К действительности его вернул чуть не под руки приведённый старикан. Который был посажен прямо напротив. Неживой уже. С голой костяной головой. Сосед Кропина, выцеливая вилкой кружок колбасы, тихо гундливо поведал: «Транквилизаторами мозги вымыл. Угу. Пачками жрёт. Блоками. Угу». Оказалось – муж Елизаветы Ивановны! Официально представленный, Кропин приподнялся. С намереньем пожать через стол руку. Старикан даже не шелохнулся. Кропин сел, не зная куда глядеть. «Придурок, – опять точно в сторону поведал сосед, всё выцеливая. – Угу. Транквилизаторы». Кропину подсунули судок с горой салата.
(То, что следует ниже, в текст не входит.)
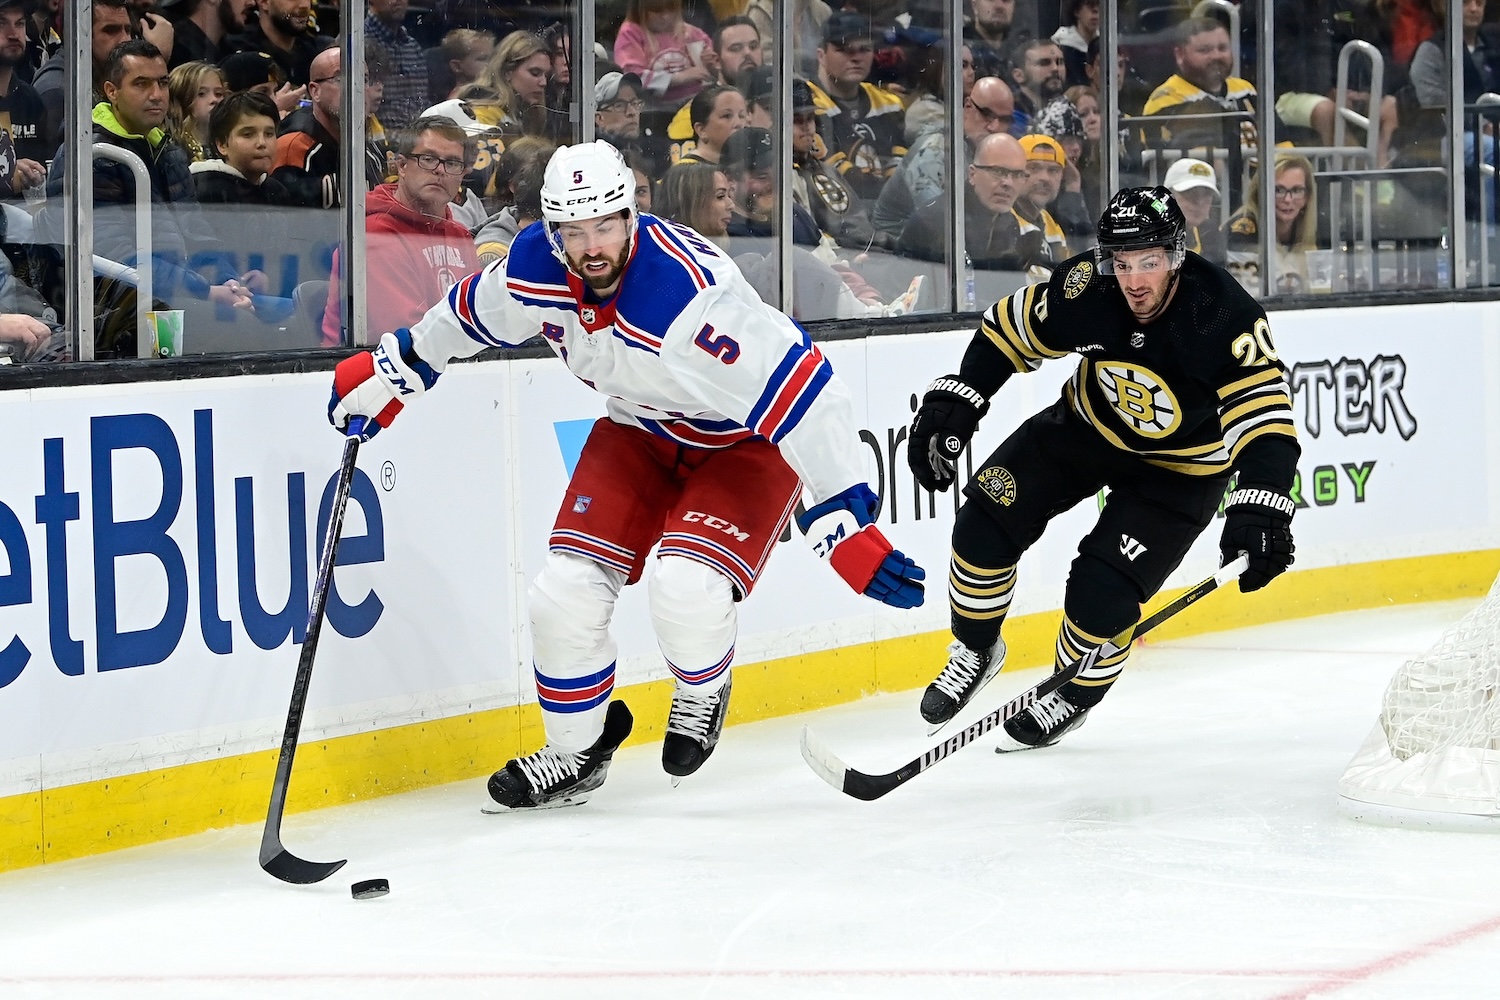 Sep 24, 2023; Boston, Massachusetts, USA; New York Rangers defenseman Ben Harpur (5) controls the puck in front of Boston Bruins center Jayson Megna (20) during the first period at TD Garden. Mandatory Credit: Eric Canha-USA TODAY Sports

Углублённо брал на тарелочку, найдя занятие. Хорошо хоть руку не протянул. Удержал в последний момент. Была б картина. Хвалил салат. Вкусно, очень вкусно! благодарю вас! Обильно забулькало в его фужер. Подвигнул себя с большим протестом. Да так, что фужер опрокинул. Всеобщий смех! Вскрики! Кропин схватил солонку, сумасшедше зафонтанировал солью. По разлитому вину. Сейчас, сейчас, ради бога извините! Его удерживали за руки, останавливали. А он всё вытряхивал, солил. Усадили, наконец, беднягу, отобрав соль. Смеялись, хлопали по плечу. Да ерунда! Что – скатерть! Кропин кивал, как артист после исполненного номера, благодарил. Опять с полным фужером вина, непонятно кем и когда подсунутым.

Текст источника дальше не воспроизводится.